The investment sales environment for office wouldn’t be nearly as healthy if the fundamentals weren’t there to support it. CoStar Group reported last week that steady growth in office-using employment over the past few years and rising demand from major employers for a diminishing supply of newer space “have combined to create a fertile environment for new office construction, and developers are ready to deliver.” 2017 is likely to represent the peak in the cycle for the delivery of new office projects, according to CoStar Portfolio Strategy forecasts. CoStar notes that US office vacancy has continued to steadily decline, moving from 10.7% in ‘15 to 10.4% in ‘16. Vacancies are expected to hold fast at 10.3% this year amid ongoing demand for existing space from tenants. The big news for office this year is that “we’re expecting a 55% spike in construction deliveries, increasing from 58 million square feet of new office space in 2016 to over 90 million square feet this year,” says Walter Page, CoStar’s portfolio strategy director of research/office. “While some of those will be projects that were pushed back from last year, we’re just at that point in the market cycle where it’s time for new supply.”

Naturally, macroeconomic forces come into play in determining the course of a commercial property sector that’s so dependent on jobs. “The outcome of the US presidential election has added some uncertainty to the Americas economic outlook,” according to CBRE’s report. “However, the increasingly tight and expensive labor market will likely have a greater impact on the overall office market in 2017.”

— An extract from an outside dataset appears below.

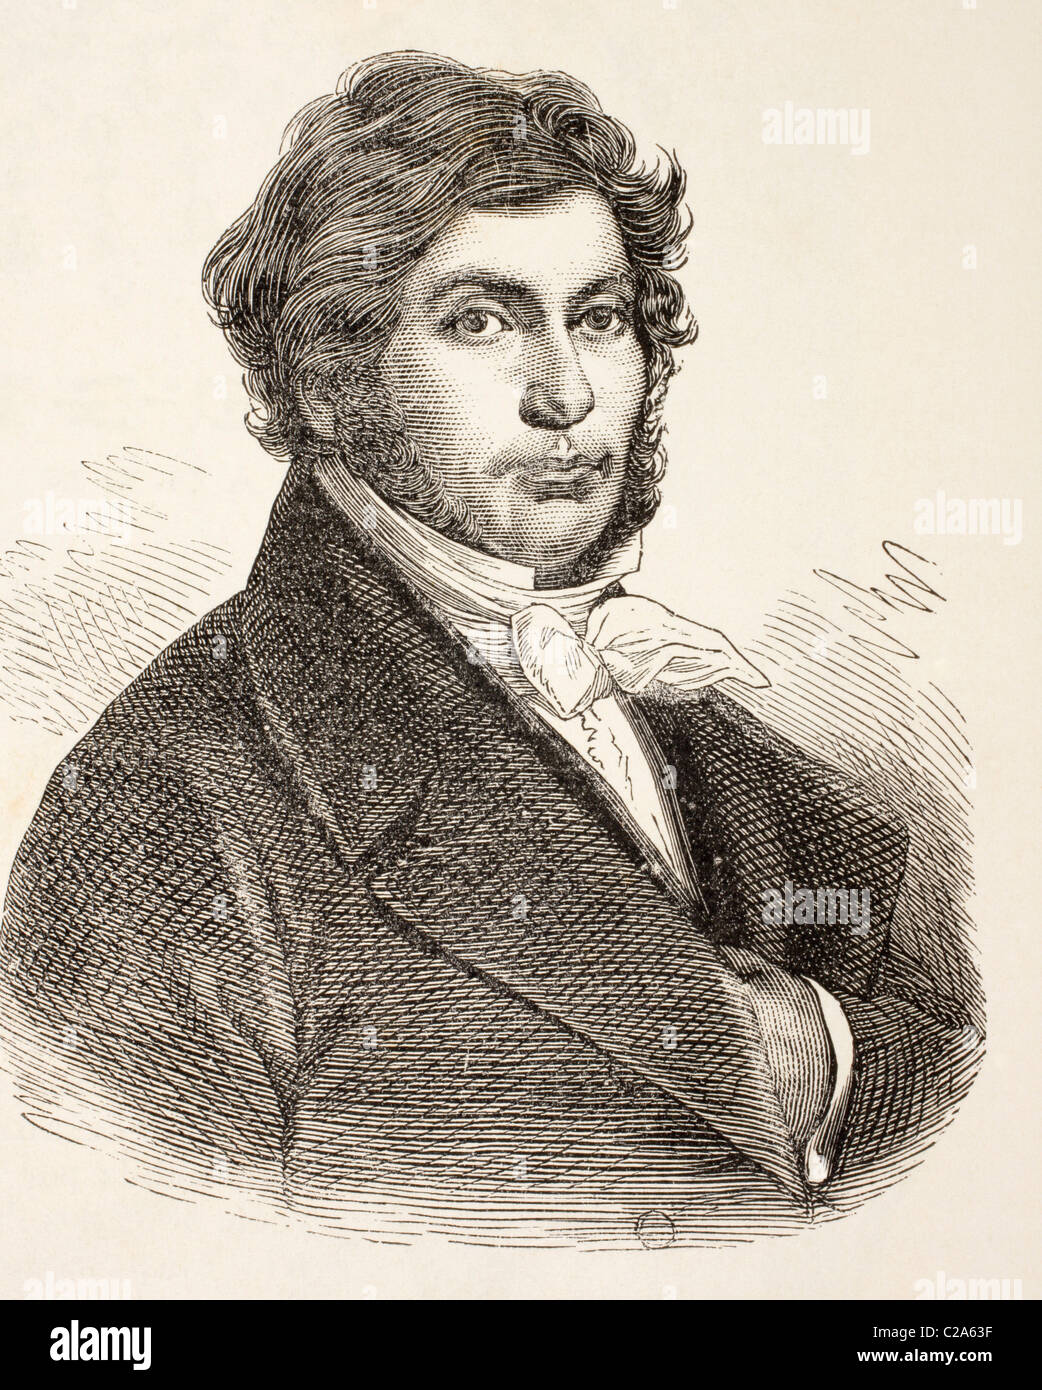 Jean-François Champollion, 1790 - 1832. Érudit classique français, philologue, orientaliste et decipherer de hiéroglyphe égyptien Banque D'Images

That’s the case even as the status quo for economic growth is likely to prevail, says Green Street Advisors in a report on the sector. “The ‘good ole days’ of 3% to 5% annual real GDP growth seems a distant memory, as the US economy fell short of the 3% bogey for the 11th straight year in ’16,” according to Green Street Advisors. “While President Trump is setting his sights on 4% GDP growth, a ‘New Normal’ growth rate in the low-to-mid 2% range seems more likely. This pace of economic growth should still be strong enough to drive decent office demand.”